4. Illumina MiSeq: High accuracy, short reads
PacBio: Long reads, higher error rates
Oxford Nanopore: Long reads, variable error rates

## 5.2 Genomic variants

### Exercise 5.2.1 Variant calling
1. Variant calling analyzes sequencing data to detect true genetic changes while distinguishing them from sequencing errors or artifacts.
   Types:
   Single nucleotide polymorphism/variant (SNP/SNV): change of a single base in the DNA sequence (1 base)
   Insertion/deletion: addition of a group of bases, can cause frame shift (1-20 bases)
   Structural variants: deletions, duplications, inversions, translocations, >20 bases
   Copy number variations: gain or loss of large DNA segments, affecting gene dosage (hundreds to millions of bases)
   Multi-nucleotide Variant (MNV): multiple adjacent base changes that are inherited together, (contiguous 2+ bases)
   Complex/Other Variants: 	Includes mobile element insertions, gene conversions, and more
2. bcftools mpileup -f reference.fa alignments.bam | bcftools call -mv -Ob -o calls.bcf
   p5/050-variant-calling-samtools.sh
3. the output is in vcf format.

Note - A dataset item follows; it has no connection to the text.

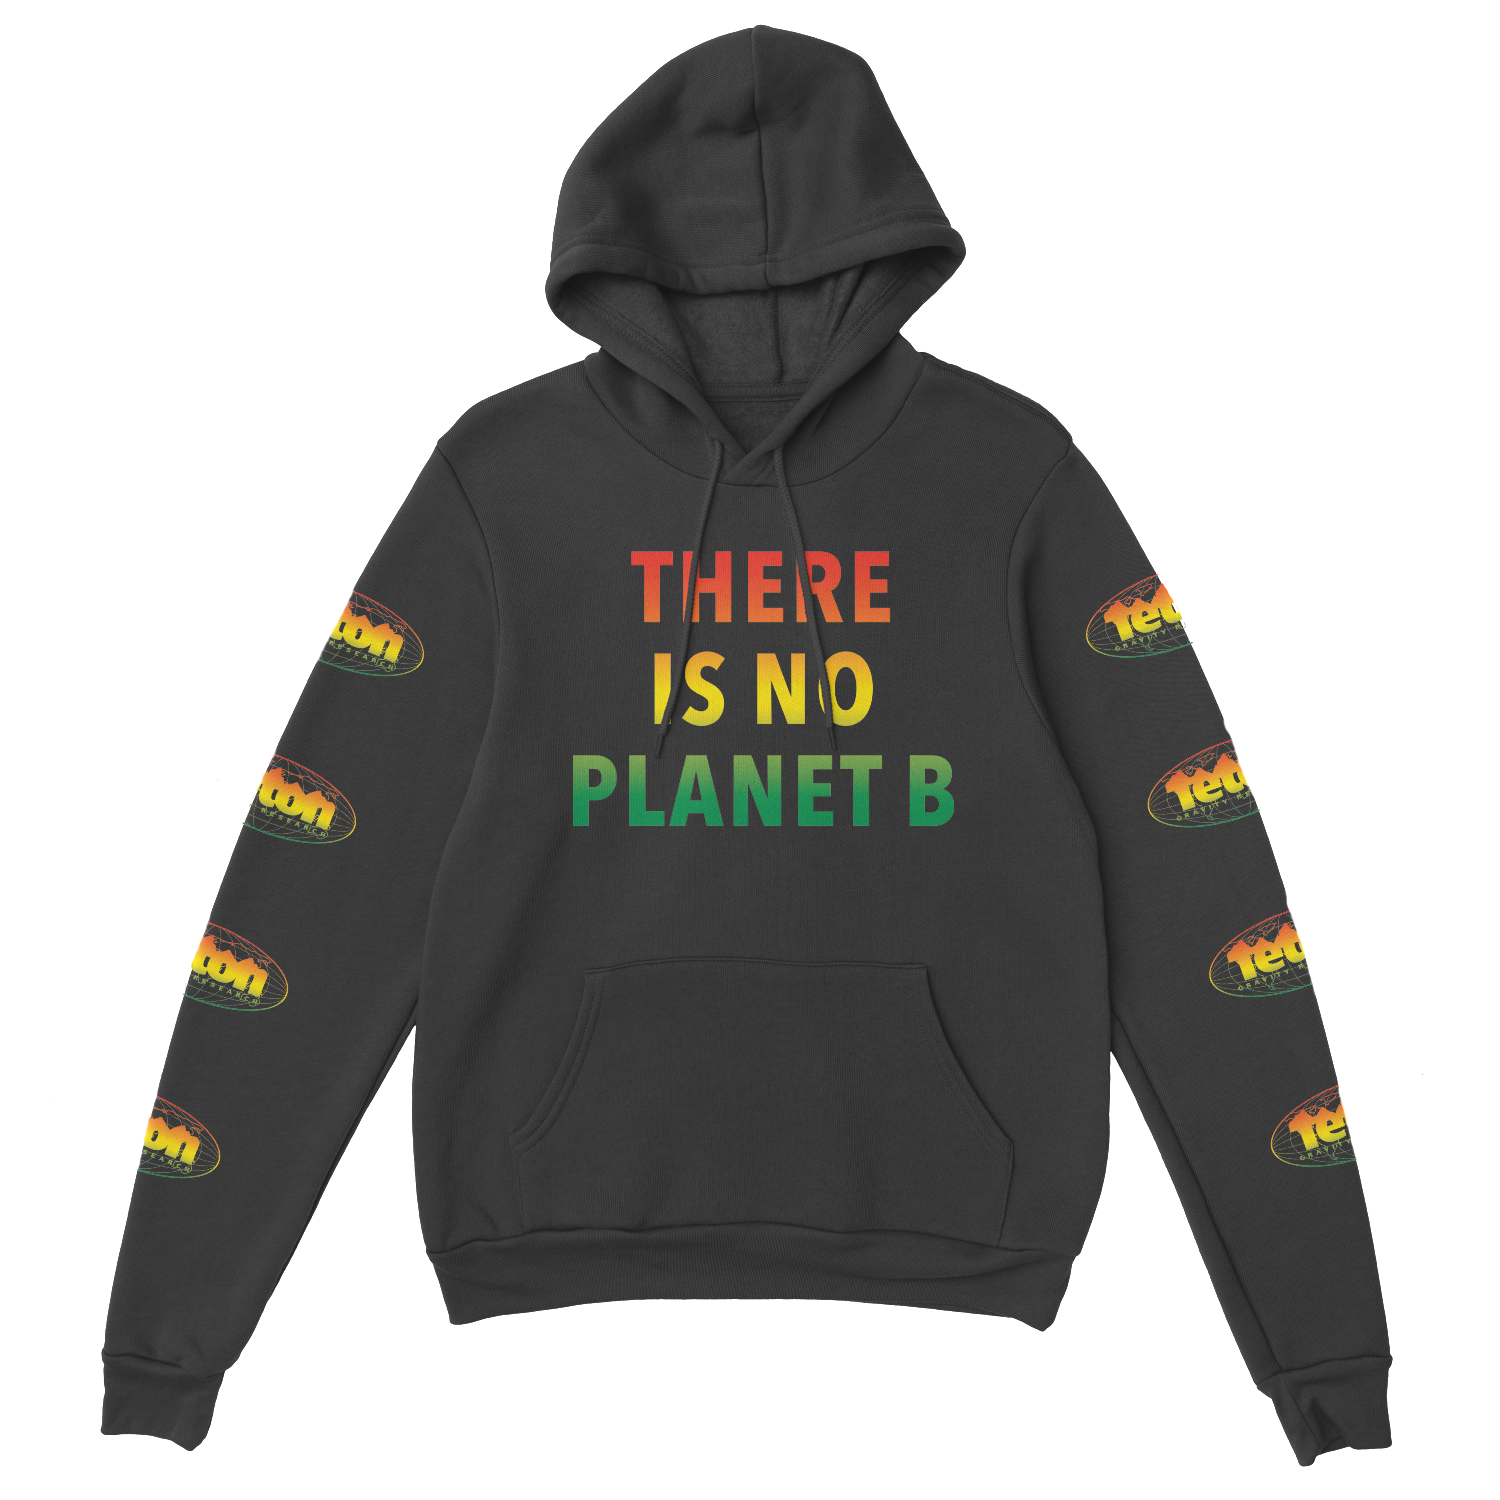 "There Is No Planet B" Pullover Hoodie
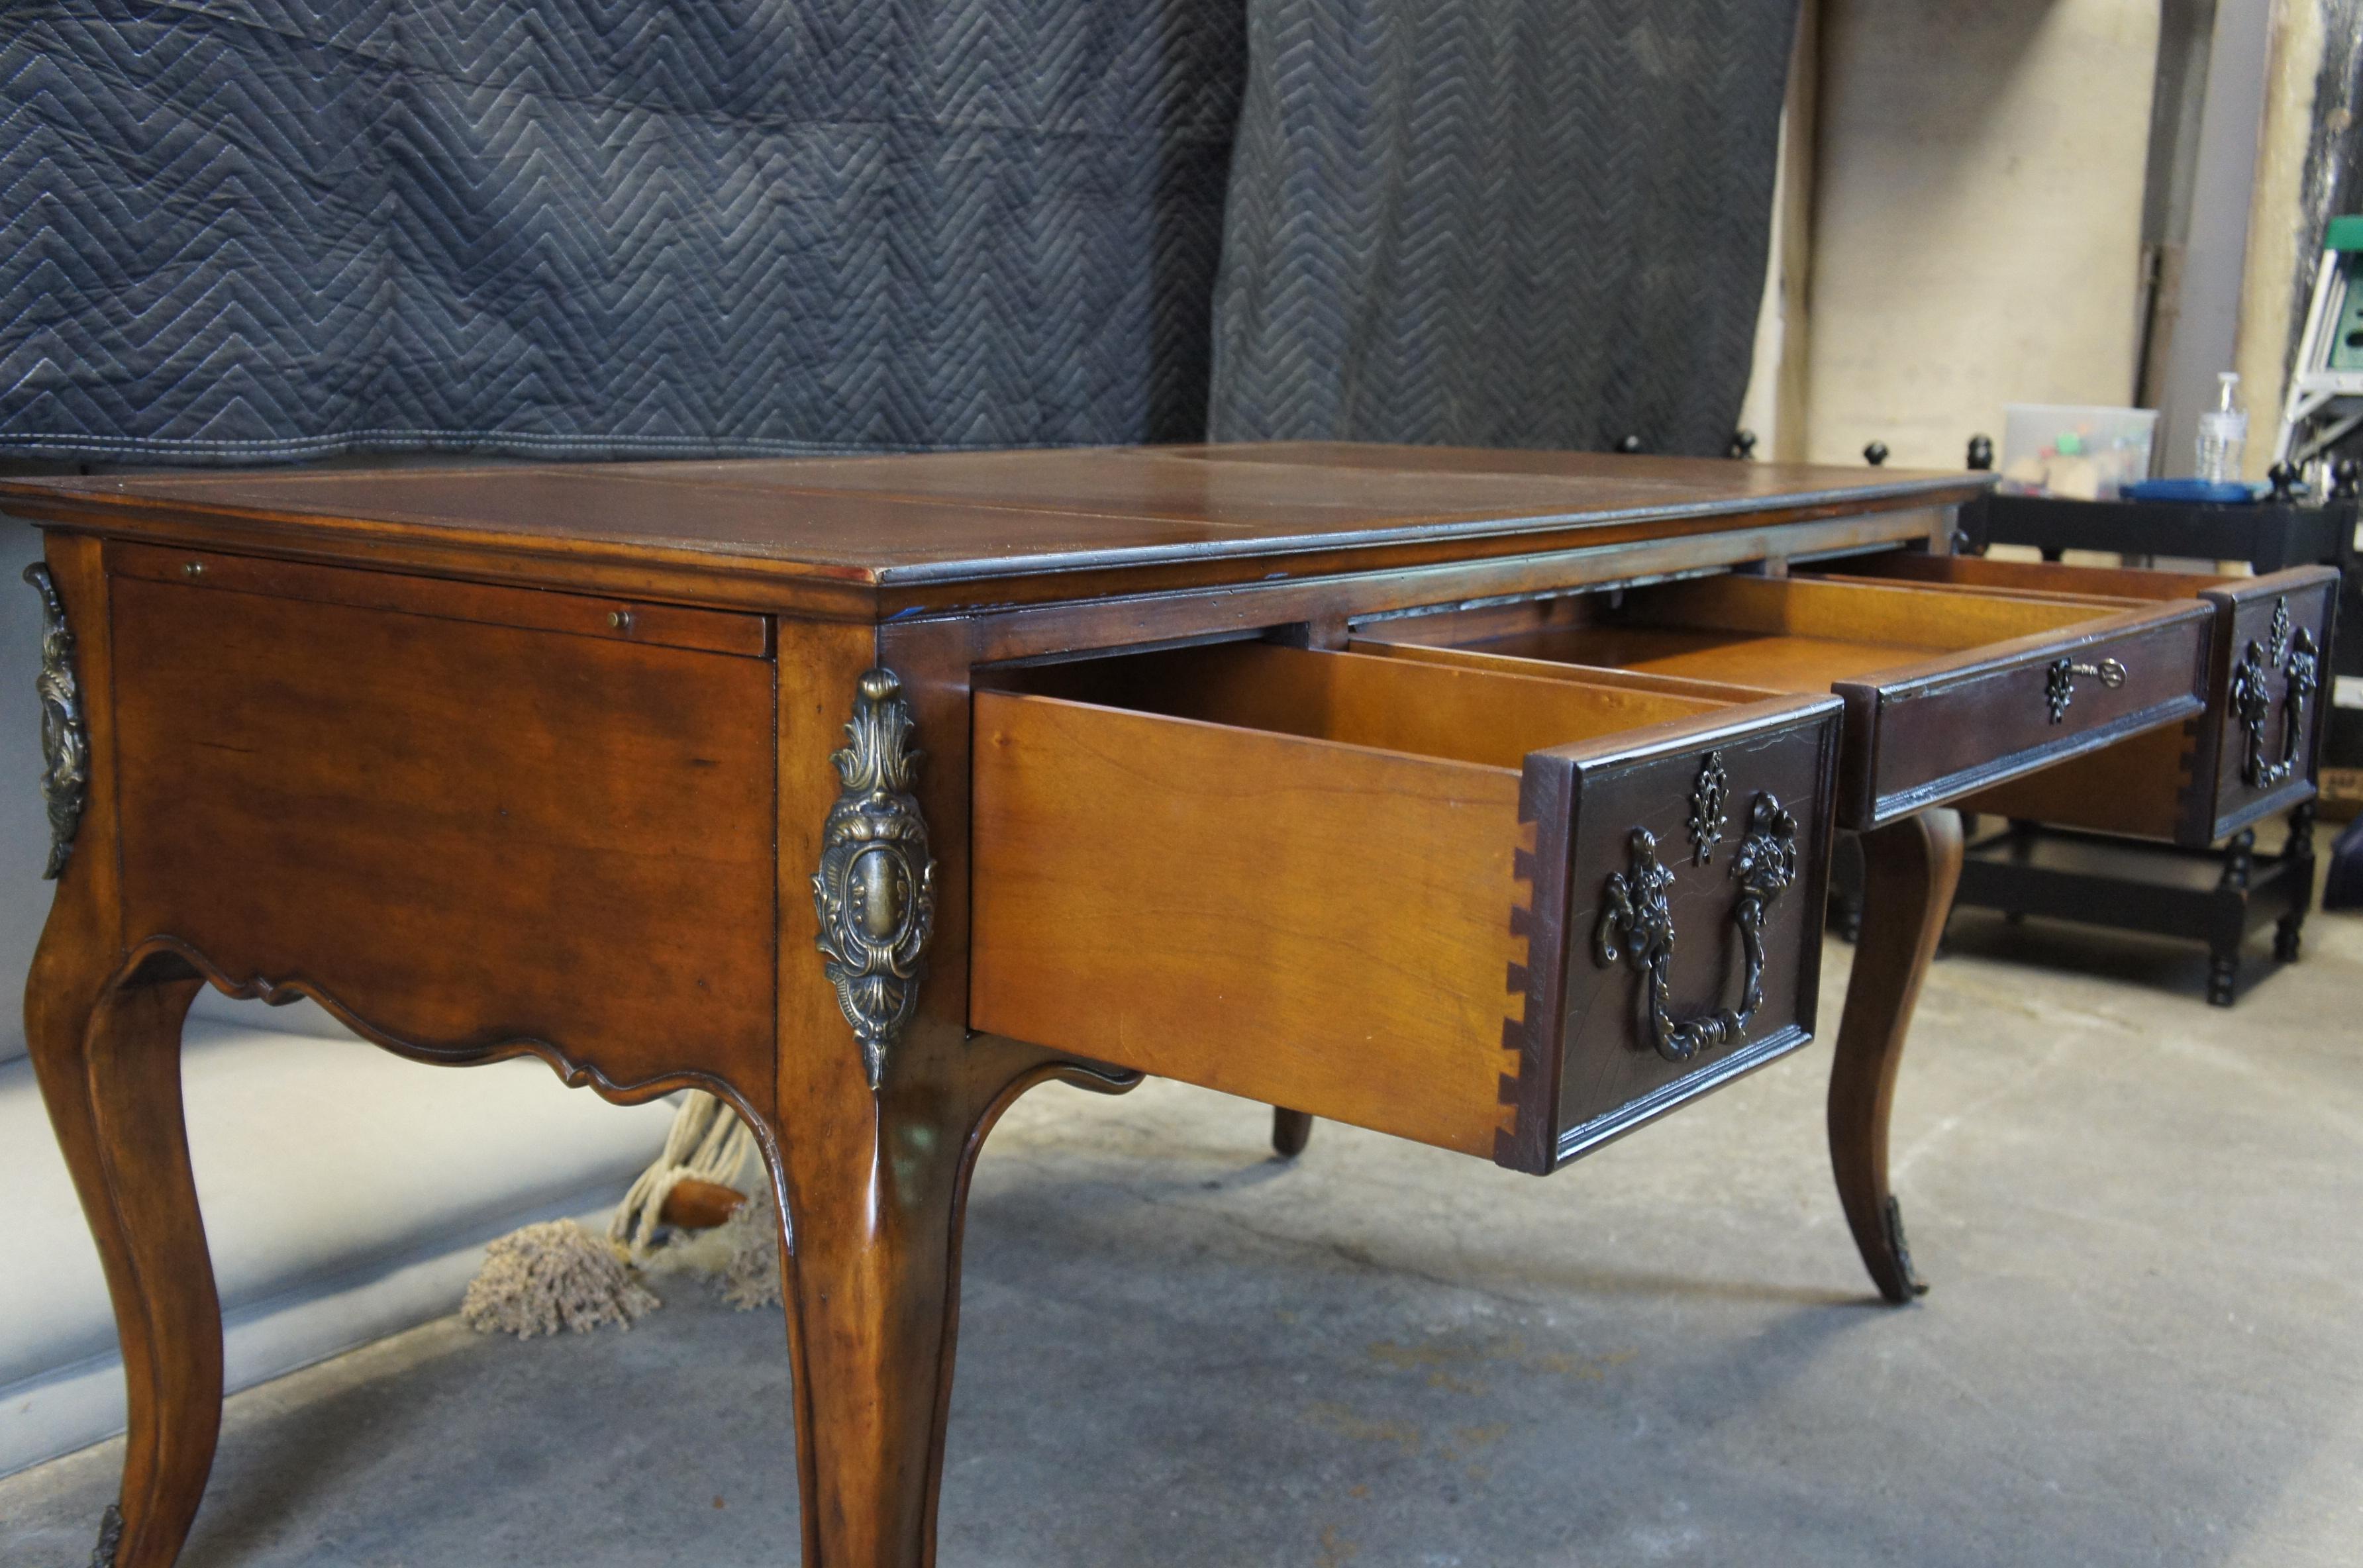 French Provincial Drexel Heritage Love Letter Desk 311-910 French Country Cherry Library Leather

The first header line denotes the file format, and the second header line is as follows:
   #CHROM  POS     ID      REF     ALT     QUAL    FILTER  INFO    FORMAT  /mnt/silo/hts2024/dnarabaci/p5/bam_files/Cg926.sorted.bam       /mnt/silo/hts2024/dnarabaci/p5/bam_files/Cr1504.sorted.bam
4. IGV
5. Script p5/051... to generate hom_snps, then the following command gives 2855: grep -v '^#' hom_snps.vcf | wc -l 
   


### Exercise 5.2.2 Comparing variant callers

1. Clair3, DeepVariant, Octopus, GATK, FreeBayes, and Strelka2 (From [Barbitoff et al, 2022](https://rdcu.be/eNuwr))
2. In the article, they compared variant calling tools, and DeepVariant consistently performed the best with high robustness.